Ingredients
- 6 Portobello Mushrooms
- 2 cans of Bella Portofino Tuna - drained
- 1 small red onion - diced
- Zest of 1 lemon
- 2 tbs. fresh lemon juice
- 16 oz. Fresh baby spinach
- 1 cup Italian style bread crumbs
- 4 tbs. fresh Italian parsley - chopped
- 4 cloves of garlic - chopped fine
- 2 tbs. olive oil
- 1 tbs. butter
- 1 cup of grated Parmesan cheese
Instructions
- Preheat Oven 350 degrees F.
- Clean mushrooms with damp paper towels and gently rub the mushroom with olive oil inside and out.
- Heat a large cast iron frying pan with the butter and olive oil.
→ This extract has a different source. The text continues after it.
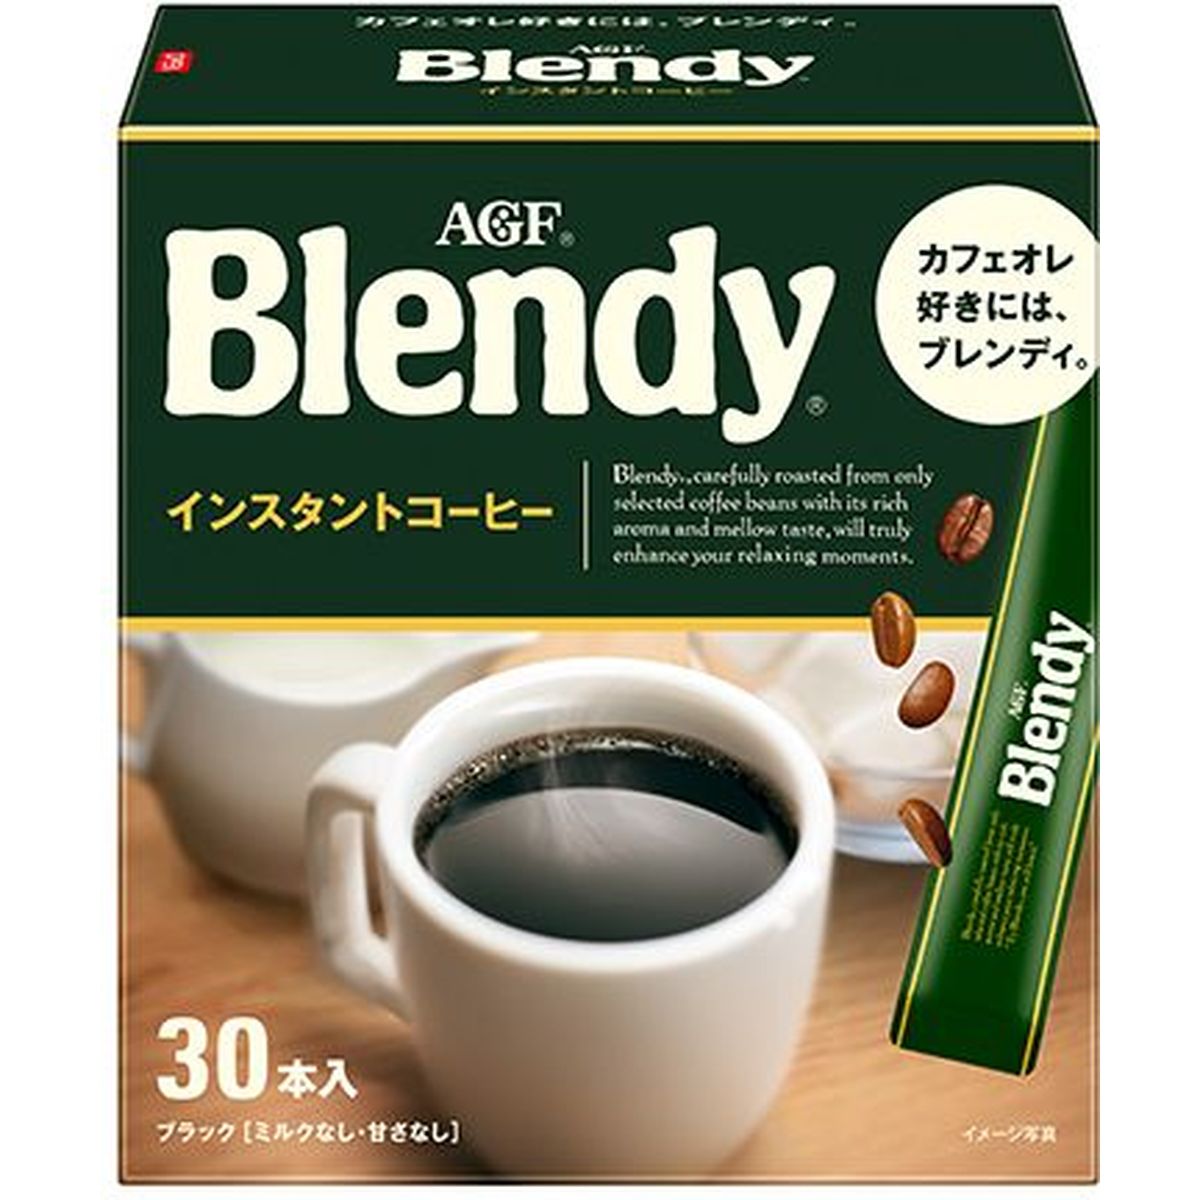 【3個入リ】AGF ブレンディ インスタントコーヒー パーソナル 30本
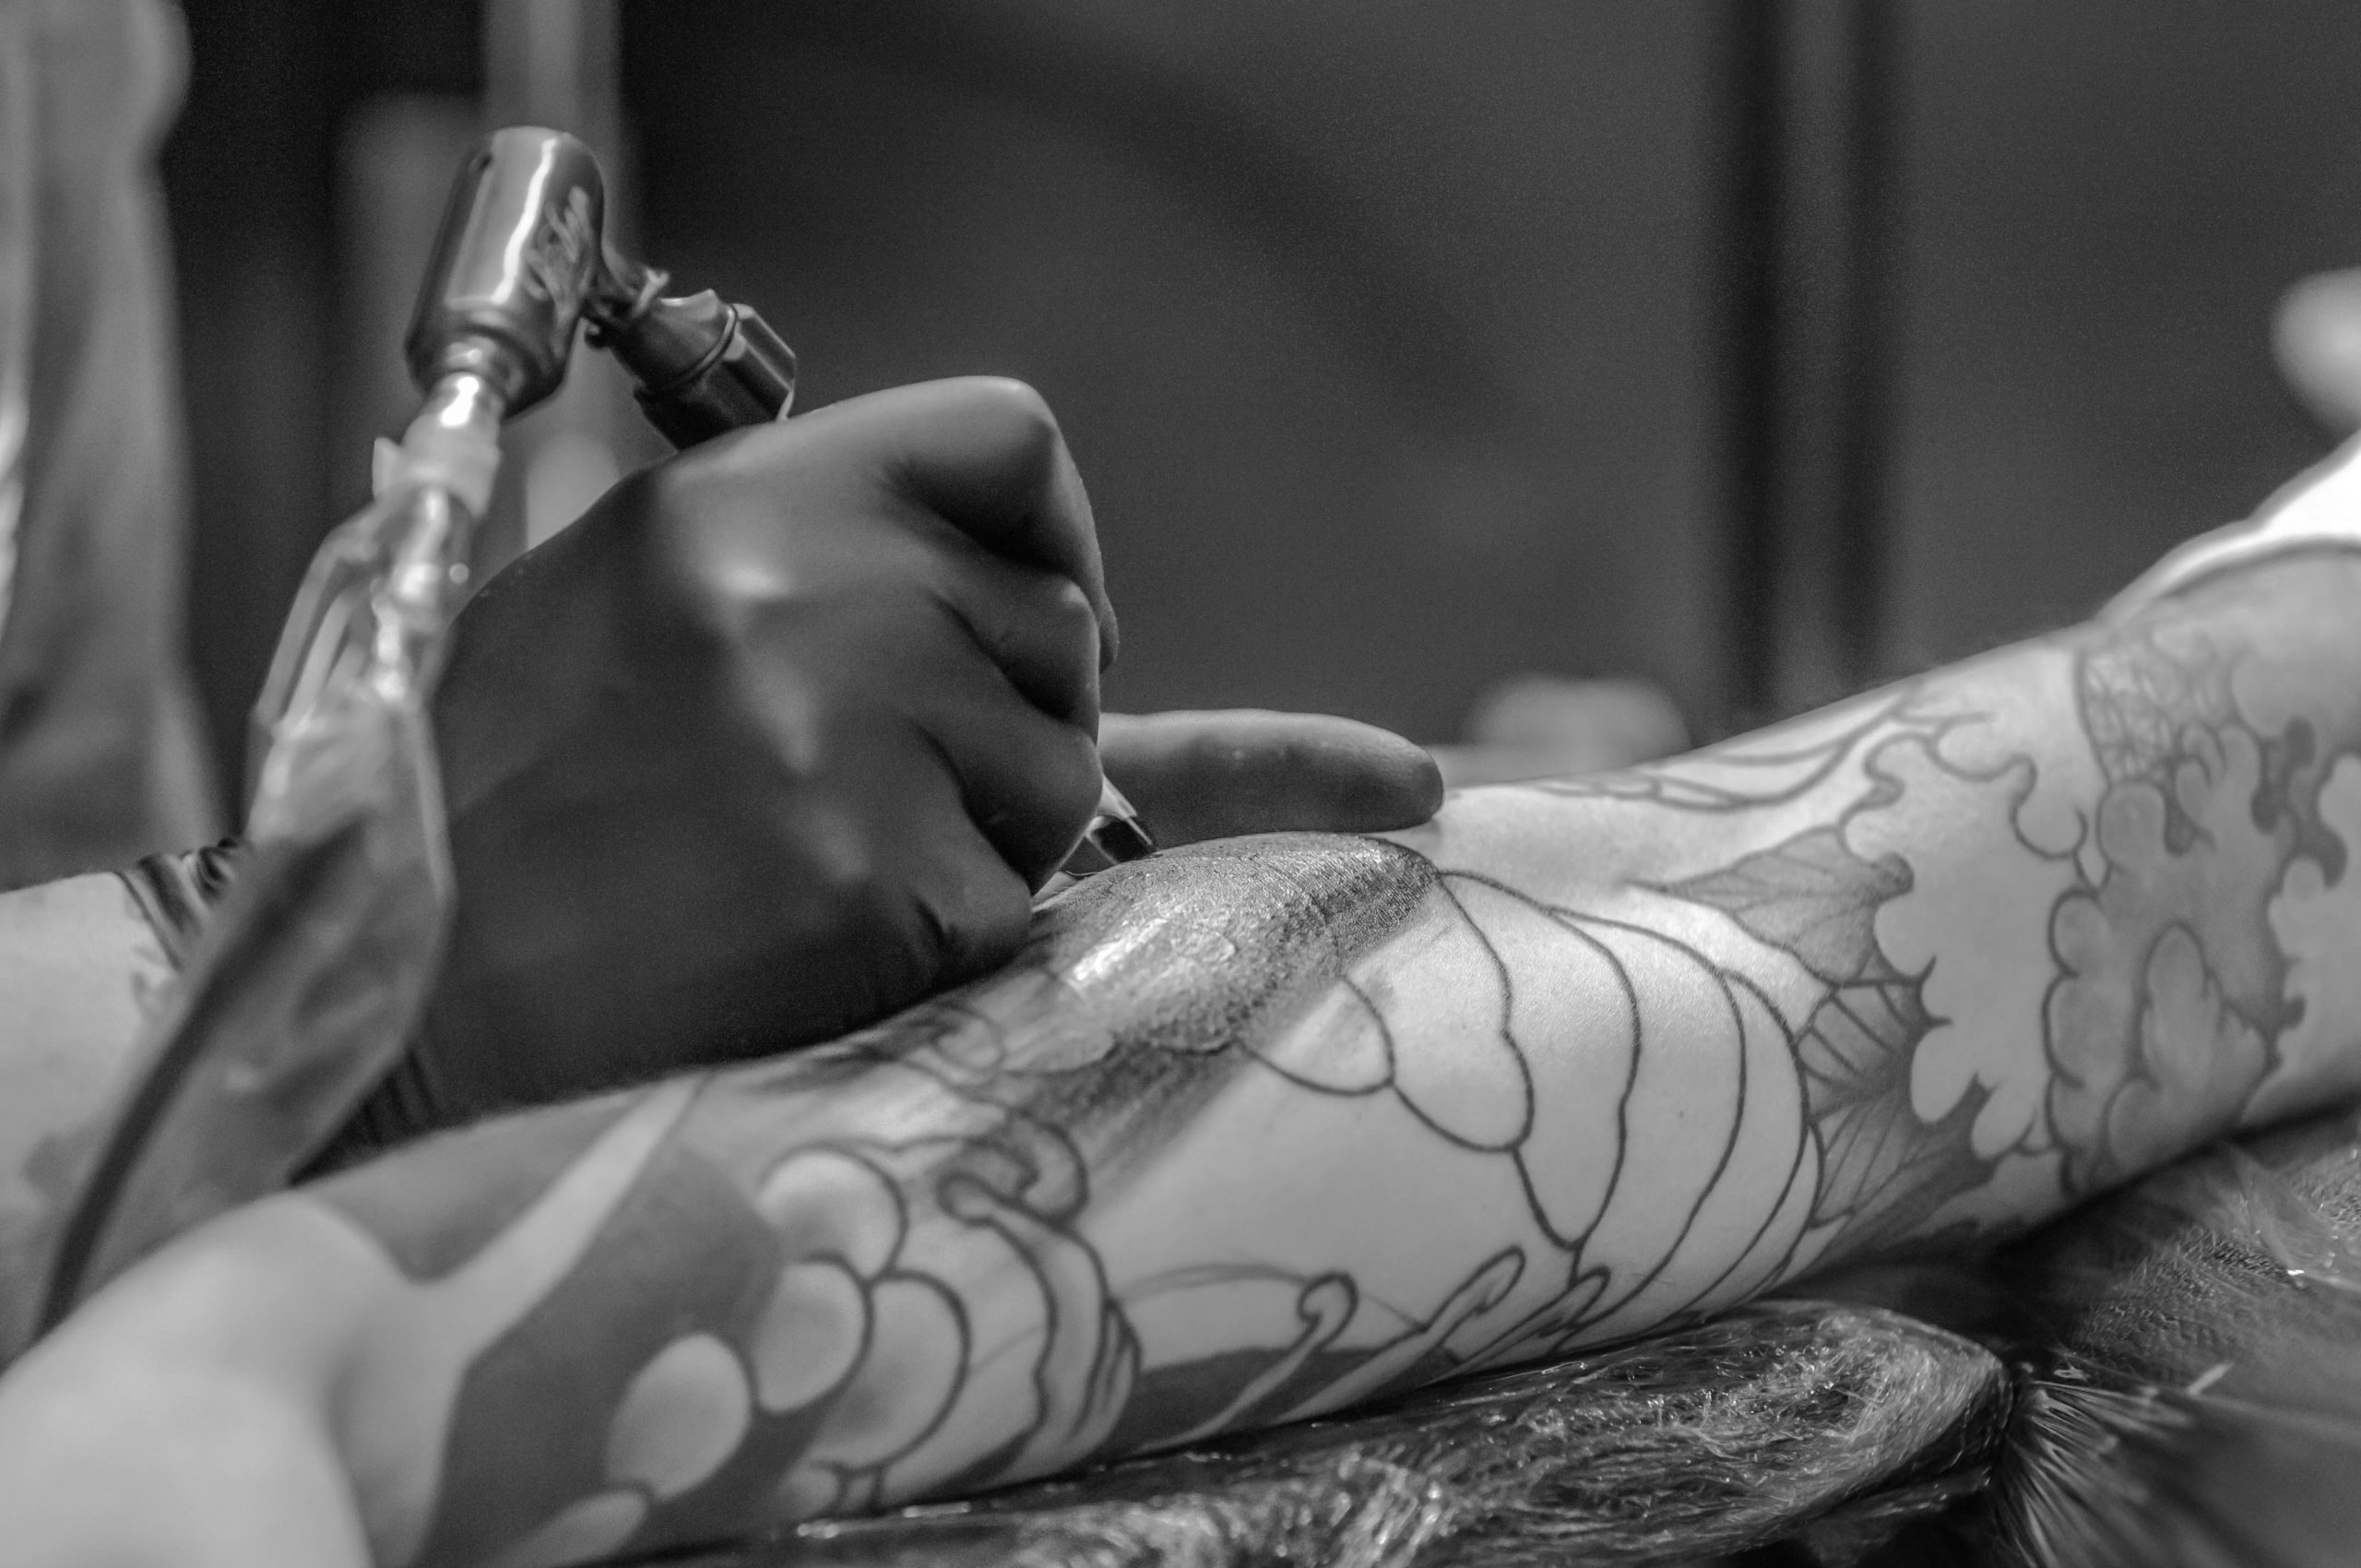 Tatuadores hartos de estos tatuajes, más populares entre hombres

- Add the chopped onion and garlic and sauté on a medium heat until the garlic is fragrant.
- Add the bread crumbs and toss and finally add the spinach, lemon zest, and lemon juice, grated Parmesan, tuna and toss to incorporate; turn the heat off.
- Fill the mushrooms with this mixture and then top each mushroom with more grated cheese, finish off with a little drizzle of olive oil over each mushroom.
- Bake for 10 – 12 minutes until the cheese is melted and slightly golden.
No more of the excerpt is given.